Maritime, Jones Act & Injuries at Sea

Morrow & Sheppard are privileged to assist seamen, crewmen, and passengers who are injured offshore, on the high seas, or on navigable waterways.

Please click here for a free, confidential consultation with our Houston admiralty lawyers to discuss your legal rights before they are jeopardized by an employer or insurance company.

Jones Act & Maritime Law Questions?

Offshore and maritime cases are often covered by the Jones Act or general maritime law.  Please click here for answers to common questions regarding these cases.

Maritime Injury Cases

Work on the high seas and on navigable waterways is difficult and heroic. The legal system has long recognized that the people who engage in this work are entitled to special legal protection. That is why many offshore and maritime workers are entitled to unique and substantial compensation when a seaman sustains injury or dies while working.

Maritime injury cases often involve complex legal and jurisdictional issues. To maximize profit, the companies that owe seamen special legal obligations and compensation sometimes do everything they can to complicate these issues, and avoid paying the full amount due.

The admiralty lawyers at Morrow & Sheppard know how to fight back against these tactics. They work diligently to secure their clients maximum recovery allowed under the law.

Because we worked as partners in prestigious defense firms for many years, we know the playbooks employed by these large companies. Perhaps more importantly, we often know the executives and insurance adjusters who make decisions about whether to settle your case, and how much to pay. These companies know us and they do not want to face us in court. This gives us a leg up in resolving your case.

To discuss your case and how we can help, please click here for a free, confidential consultation.

Morrow & Sheppard Participate in the Maritime Law Association

The Maritime Law Association of the United States was founded in 1899. It is one of the largest and most prominent maritime legal organizations in the world.

The MLA’s purpose is “to advance reforms in the Maritime Law of the United States, to facilitate justice in its administration, to promote uniformity in its enactment and interpretation, to furnish a forum for the discussion and consideration of problems affecting the Maritime Law and its administration, to participate as a constituent member of the Comité Maritime International and as an affiliated organization of the American Bar Association, and to act with other associations in efforts to bring about a greater harmony in the shipping laws, regulations and practices of different nations.”
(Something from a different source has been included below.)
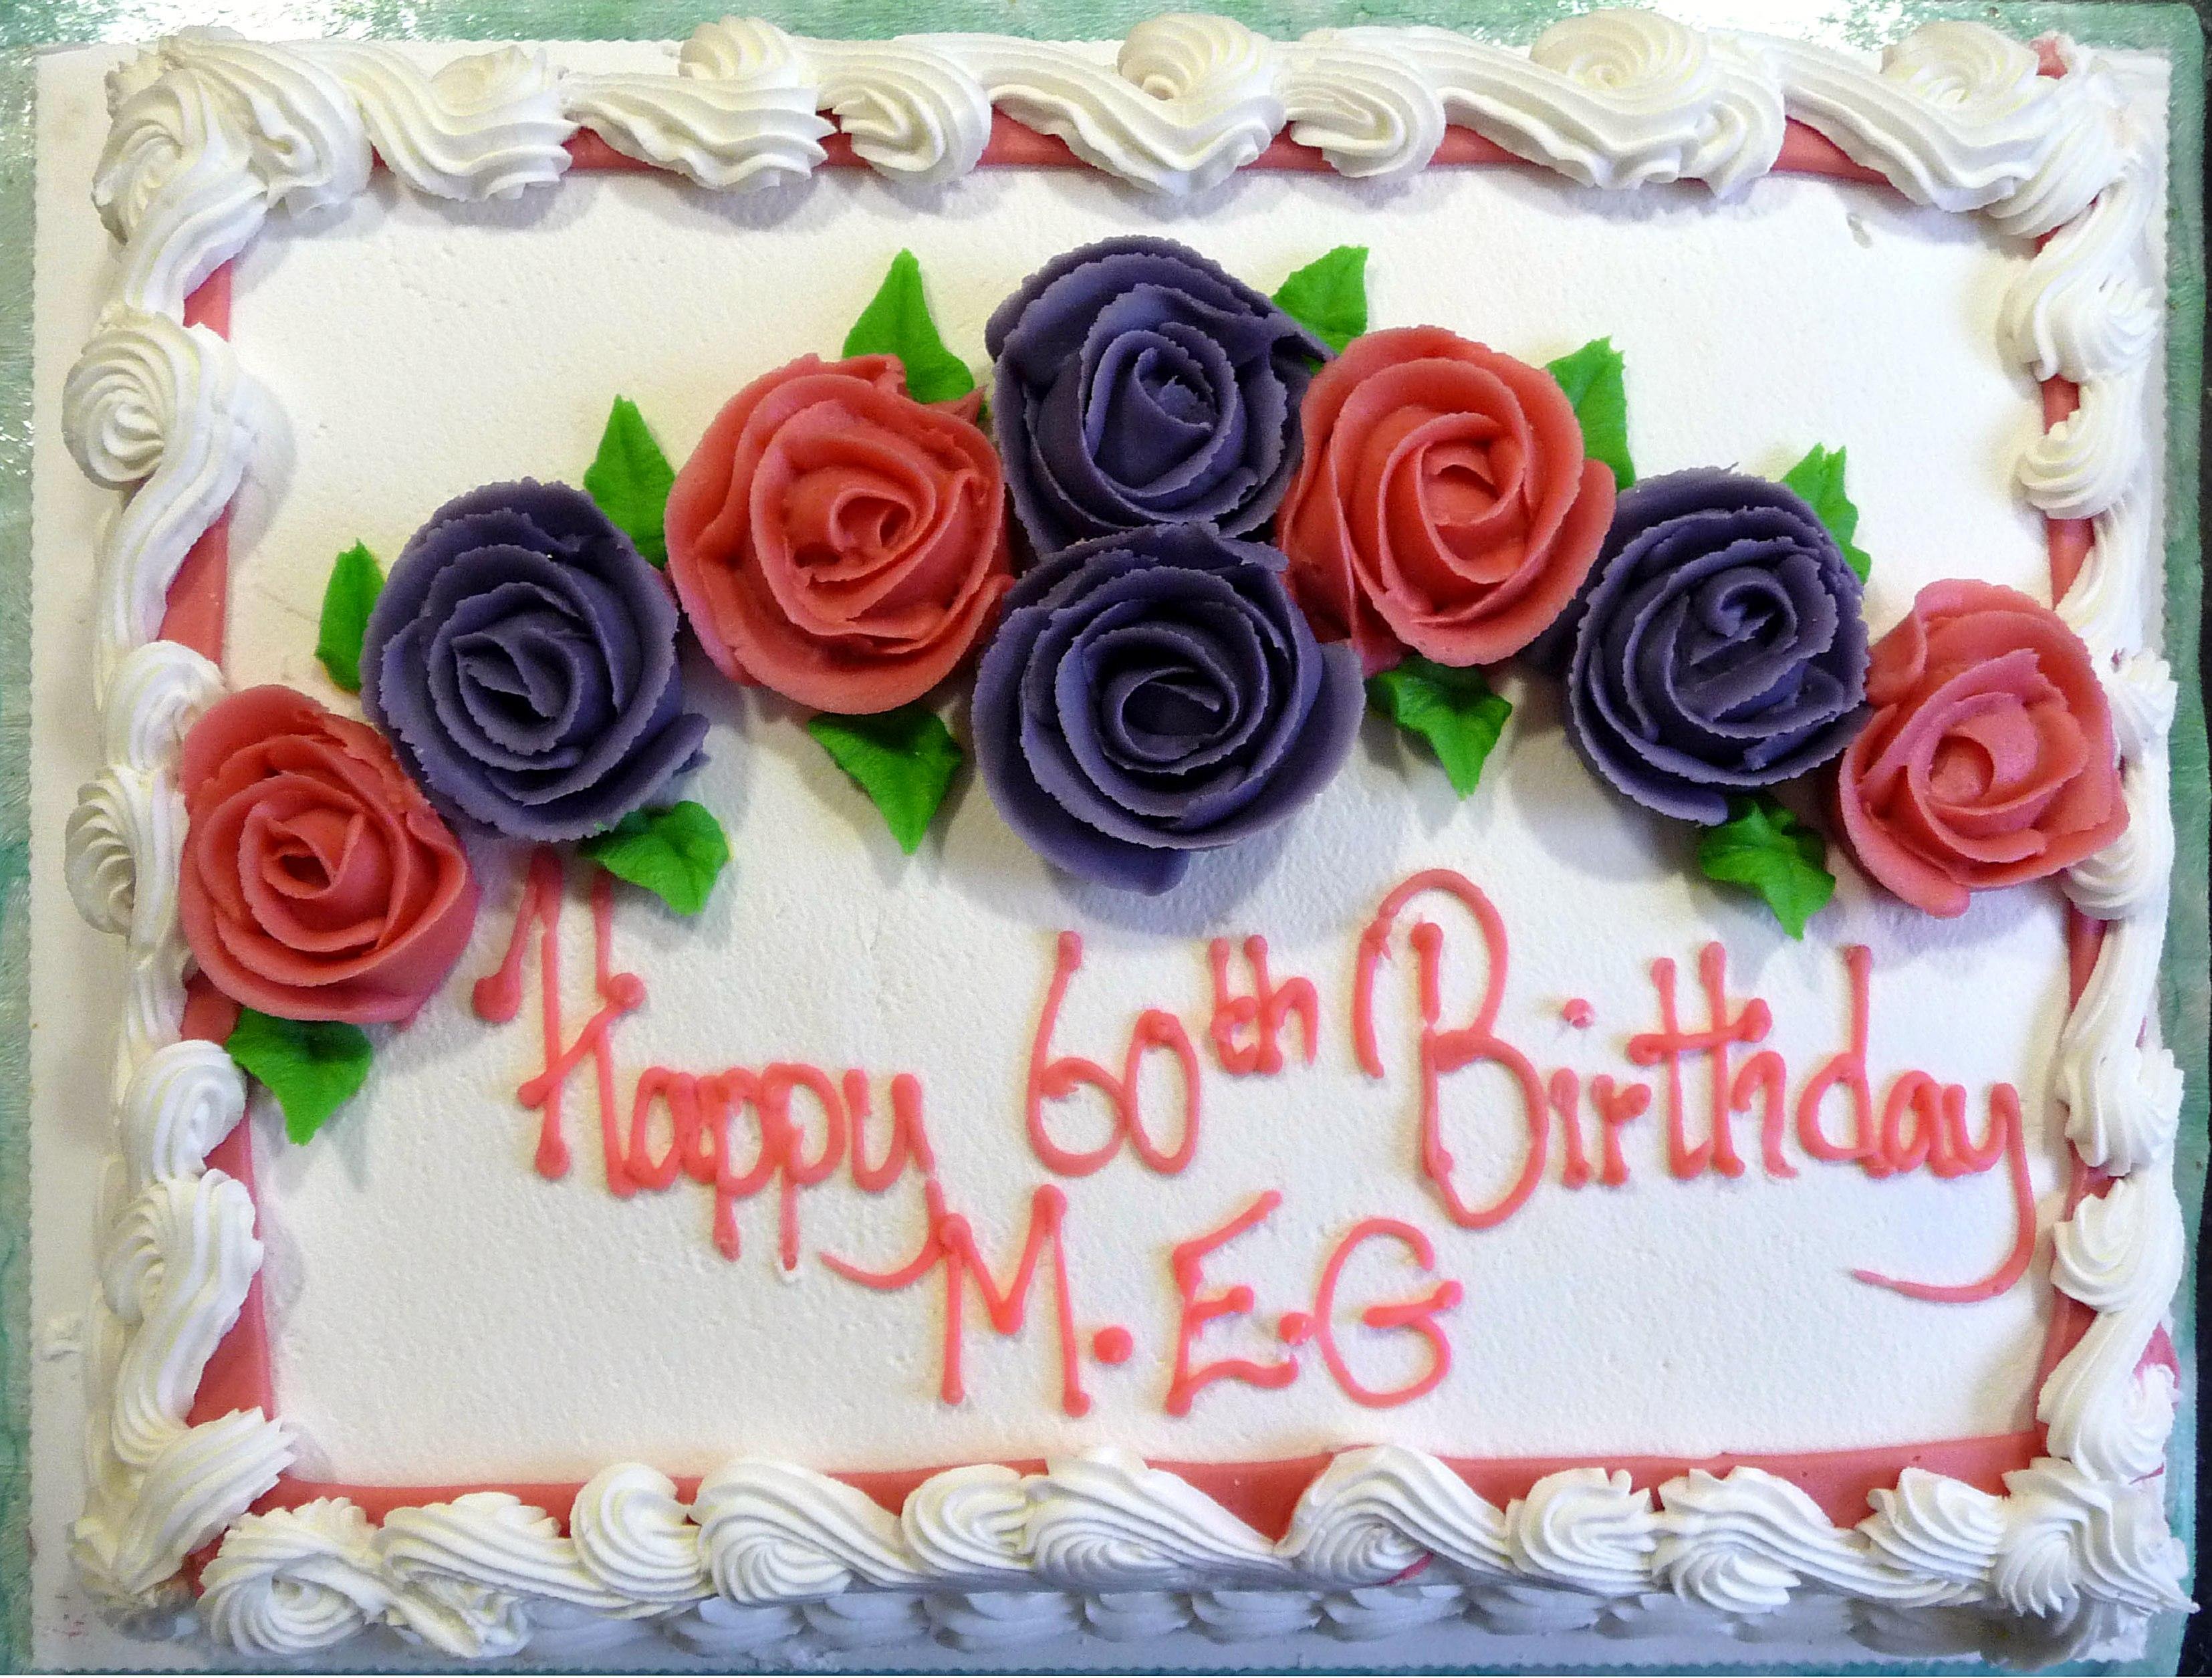 Merseyside E.G. 60th Anniversary Cake

Membership in the MLA is exclusive and provides unique access to maritime legal resources and practitioners. One question you should ask when assessing which Houston law firm to handle your maritime law claim is whether the firm has any attorneys who are members of the MLA.  Morrow & Sheppard do.

Maritime Workers

Workers injured aboard the following vessels are often entitled to maritime compensation:

  • Barges
  • Cruise ships
  • Dredges
  • Ferries
  • Fishing Boats
  • Oil Screws
  • Offshore Rigs, including jack-ups, semisubmersibles, and drillships
  • Submersible and mobile platforms and storage facilities, especially if capable of self-propulsion
  • Tankers

Origins of Maritime Law – Admiralty Courts

Maritime law dates back centuries.  One of the earliest references is Rhodian Sea Law written between 600 and 800 A.D.  In England, there were separate admiralty courts that had different laws and procedures than traditional common law courts. One important difference was that English admiralty trials were conducted without juries.

Admiralty law in the United States developed initially through admiralty cases that followed the adoption of the U.S. Constitution in 1789.  Famous American revolutionaries who were also maritime lawyers include Alexander Hamilton and John Adams.

Article III of the Constitution provides that the “judicial power shall extend . . . to all Cases of admiralty and maritime Jurisdiction.”  Congress granted federal district courts exclusive original jurisdiction in civil cases in admiralty and maritime matters through the Judiciary Act of 1789.  However, the Act also includes a clause “saving to suitors the right of a common law remedy, where the common law is competent to give it.”  This often gives personal injury plaintiffs the right to bring maritime and admiralty claims in state court.

Supreme Court decisions in the 1800s granted federal admiralty jurisdiction over injury and tort suits including ship collisions, passenger injuries, and cargo damage. In 1851, the Supreme Court held that the Constitution granted admiralty jurisdiction not just to cases arising on the high seas, but to all cases arising on all “navigable waters,” including waters wholly within the borders of a state.

In the 1920s, Congress passed laws that granted seamen, maritime workers, and surviving family members the special right to recover federal court compensation from their negligent employers for personal injuries or death.  In 1953, the Outer Continental Shelf Lands Act granted federal admiralty jurisdiction to offshore workers.